The problem: From the line containing "Herren (6er Azure" to the final line of the material below, return every line exactly. Do not include pictures.

Material provided:
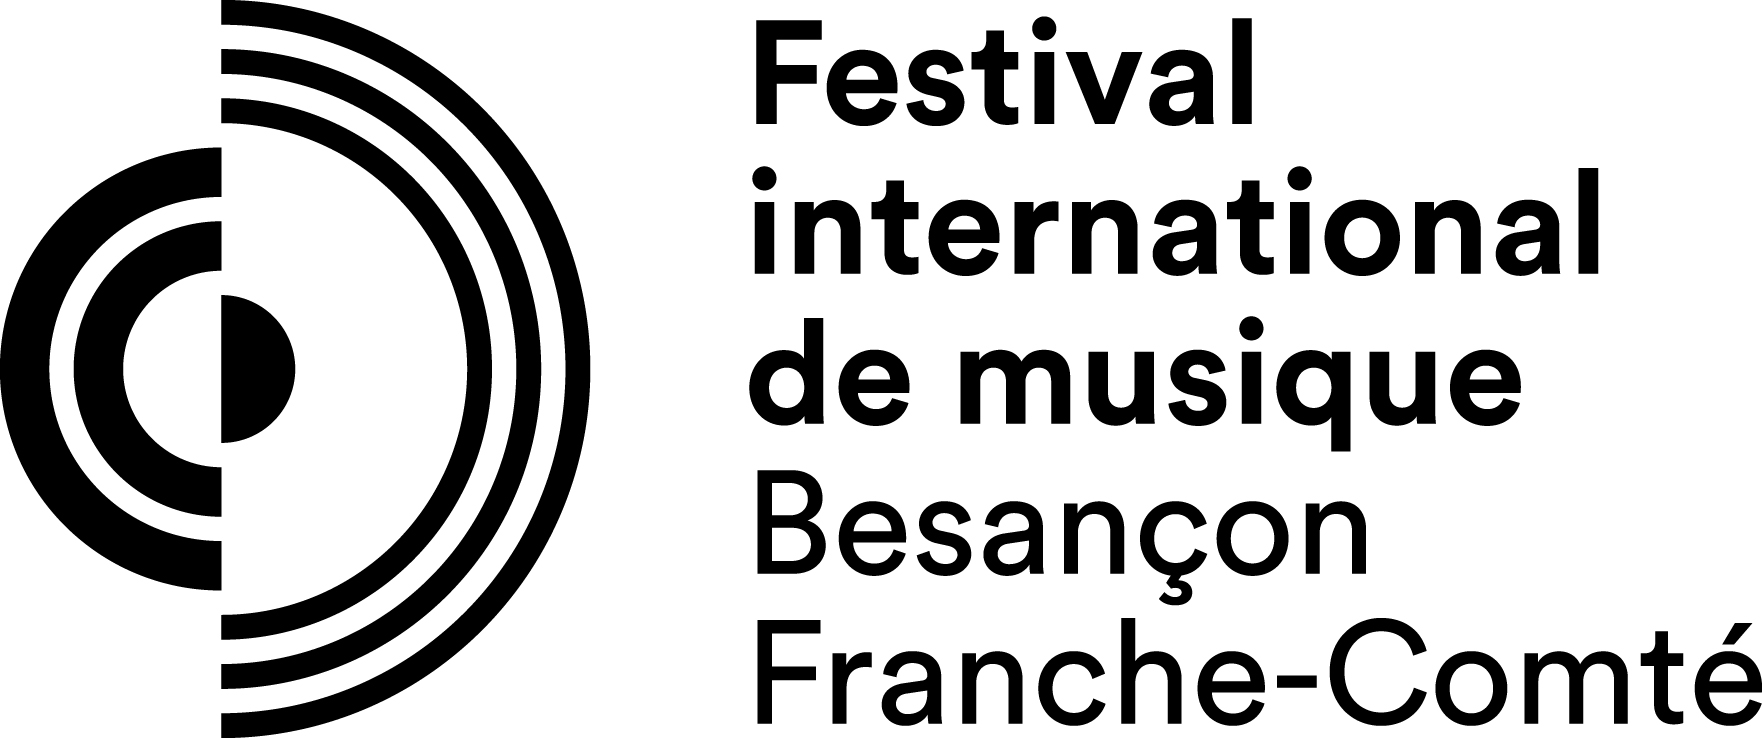 FESTIVAL INTERNATIONAL DE MUSIQUE DE BESANCON
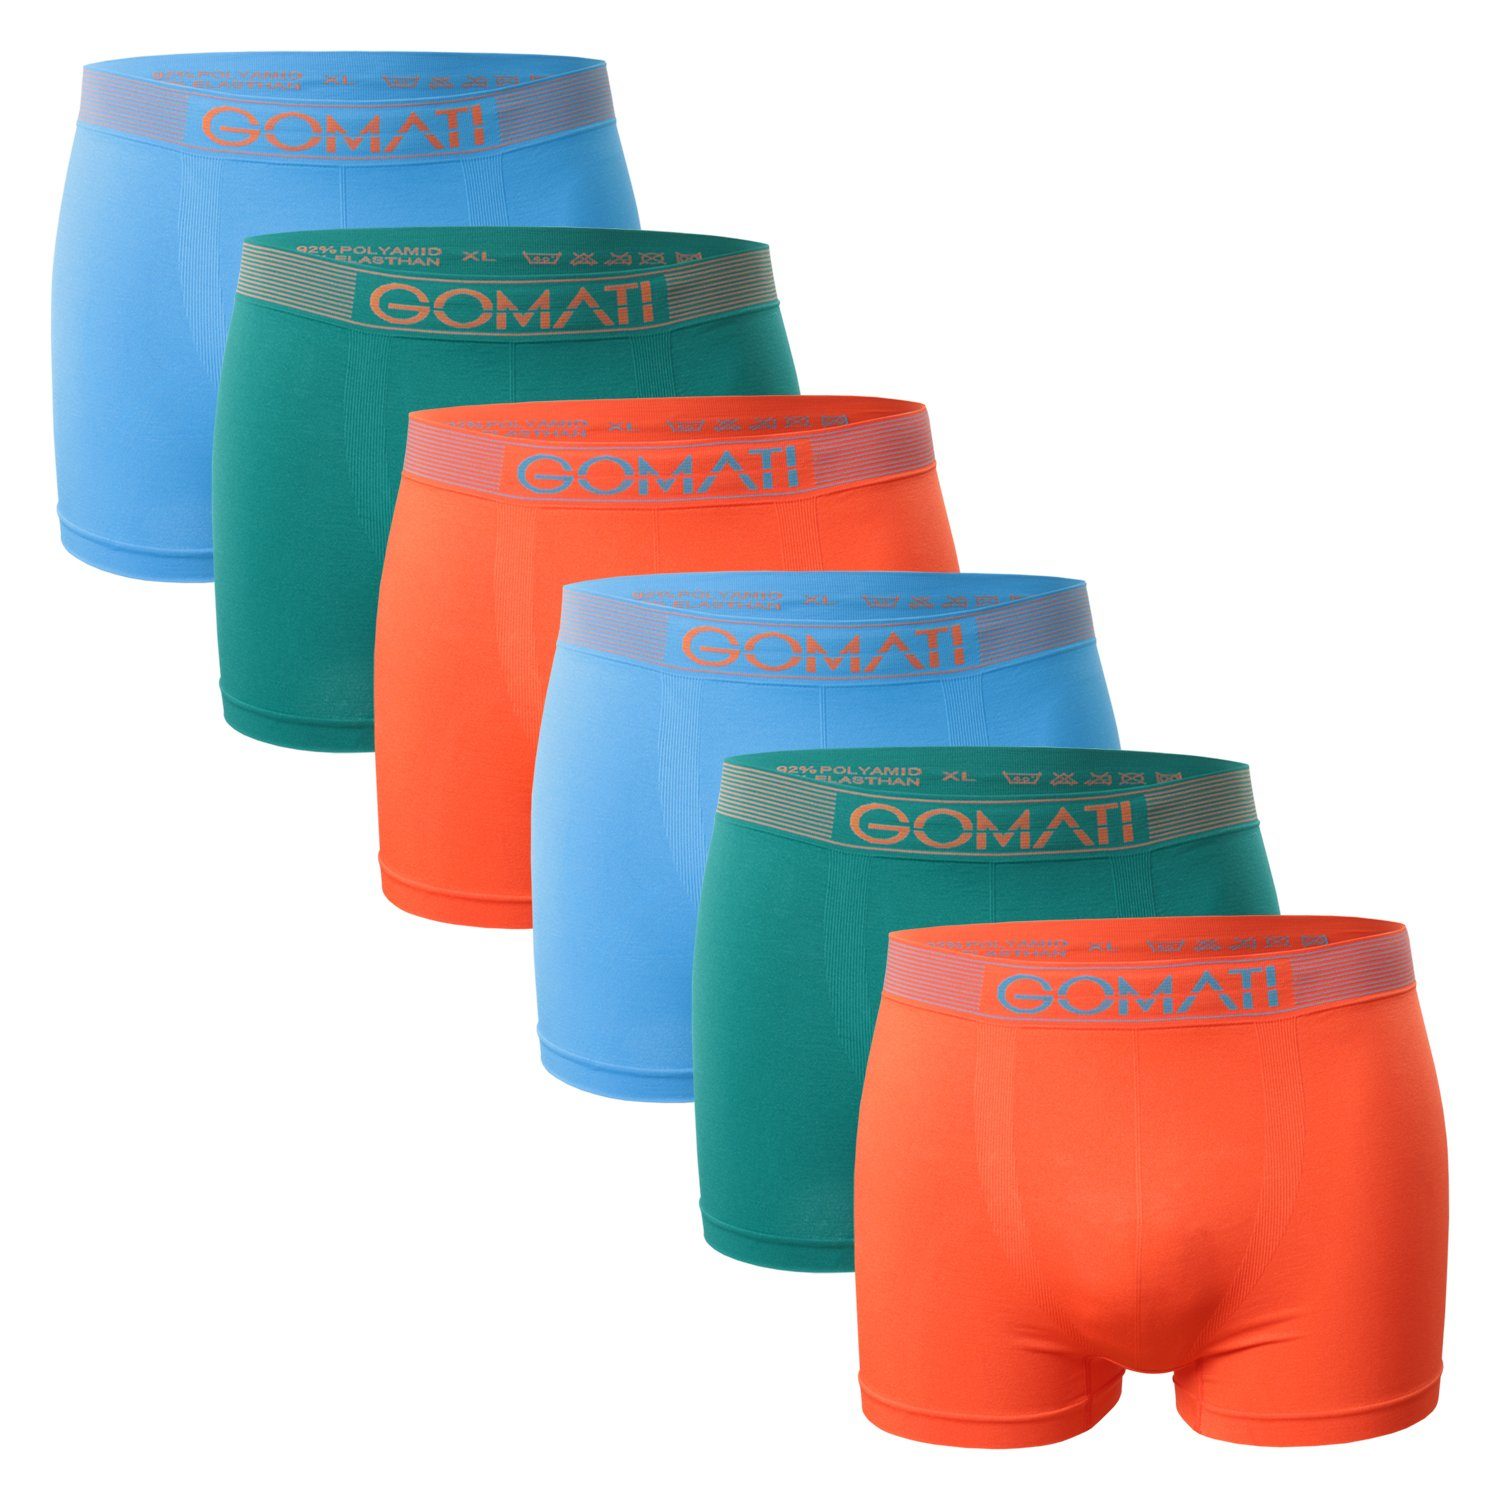 Herren (6er Azure Petrol Gomati Orange Microfaser-Elasthan Boxershorts Seamless Pants / Pack) / Boxershorts
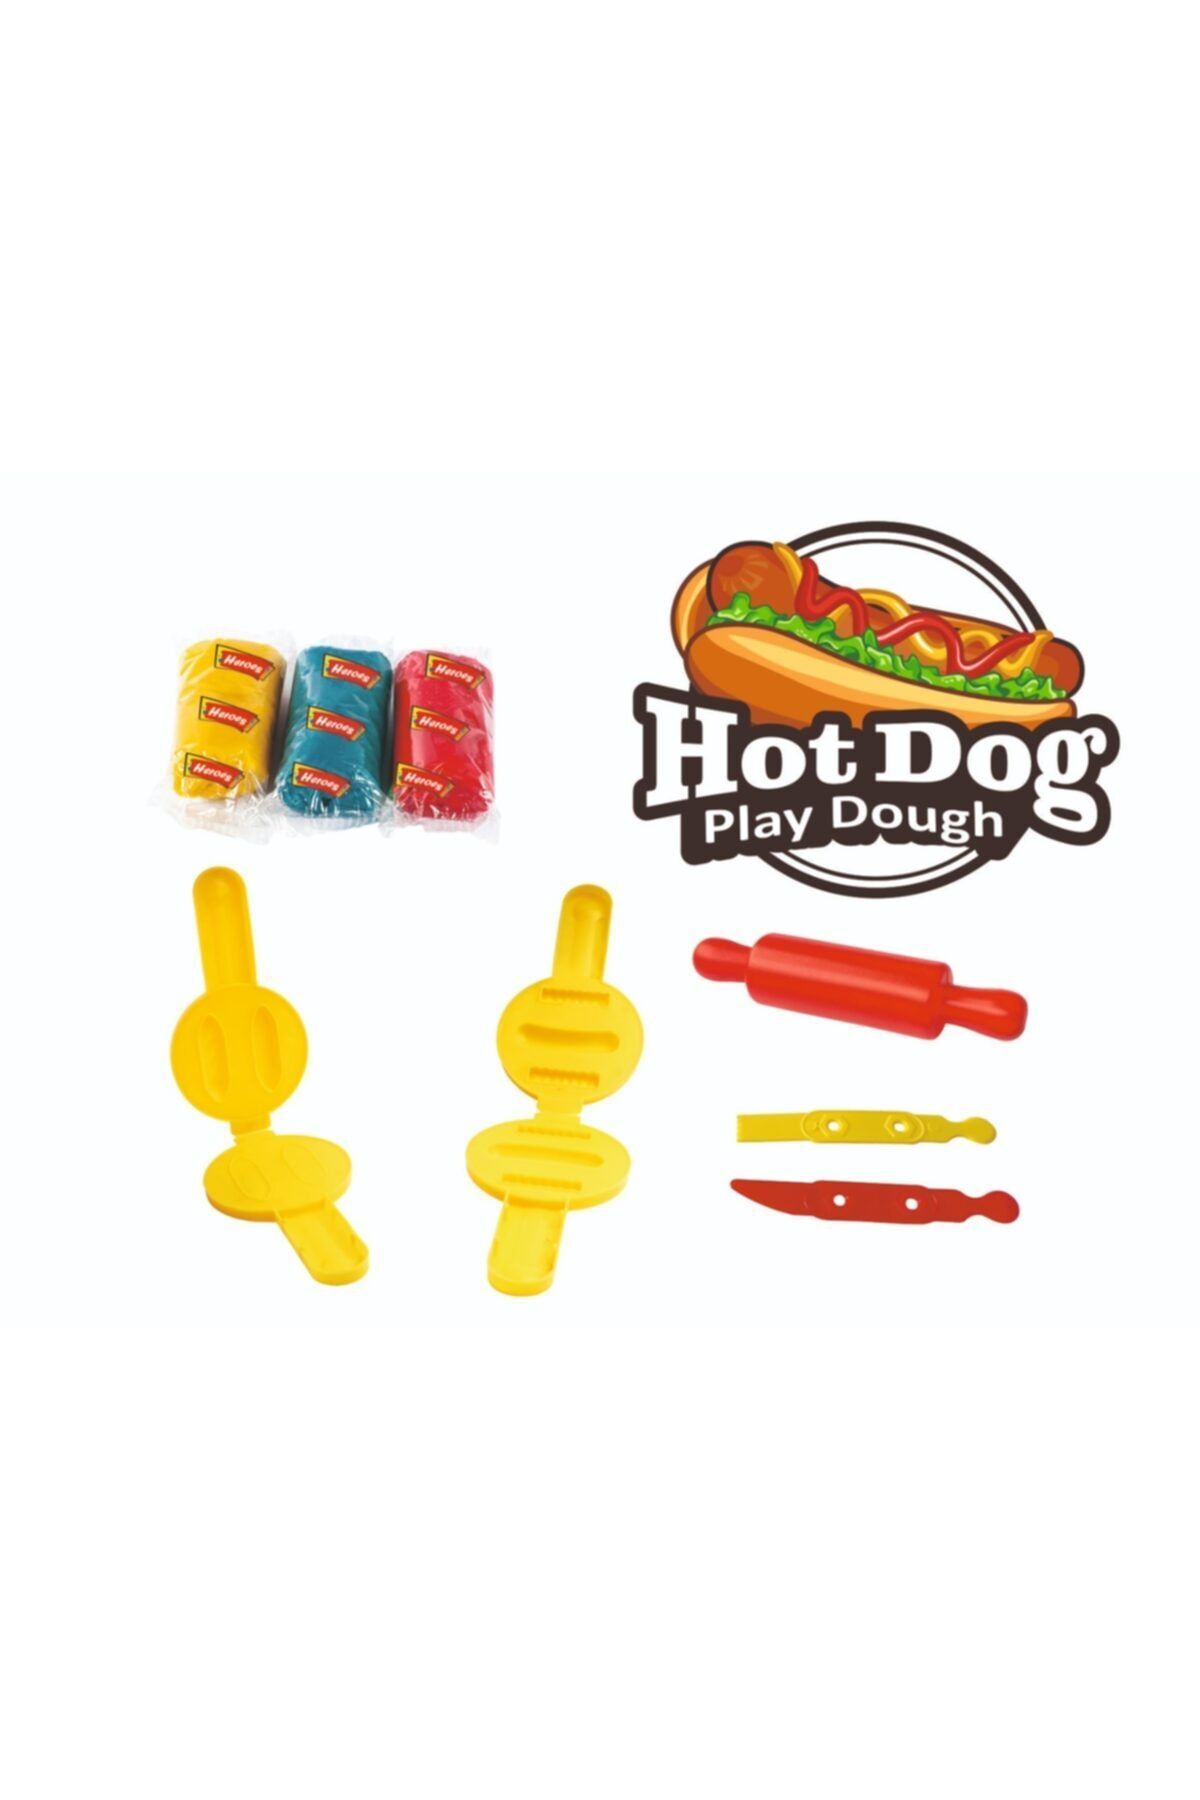 Heroes Hotdog Mini Oyun Hamuru,sosis Oyun Hamuru Set 8 Parça

Response:
 Herren (6er Azure Petrol Gomati Orange Microfaser-Elasthan Boxershorts Seamless Pants / Pack) / Boxershorts
 Heroes Hotdog Mini Oyun Hamuru,sosis Oyun Hamuru Set 8 Parça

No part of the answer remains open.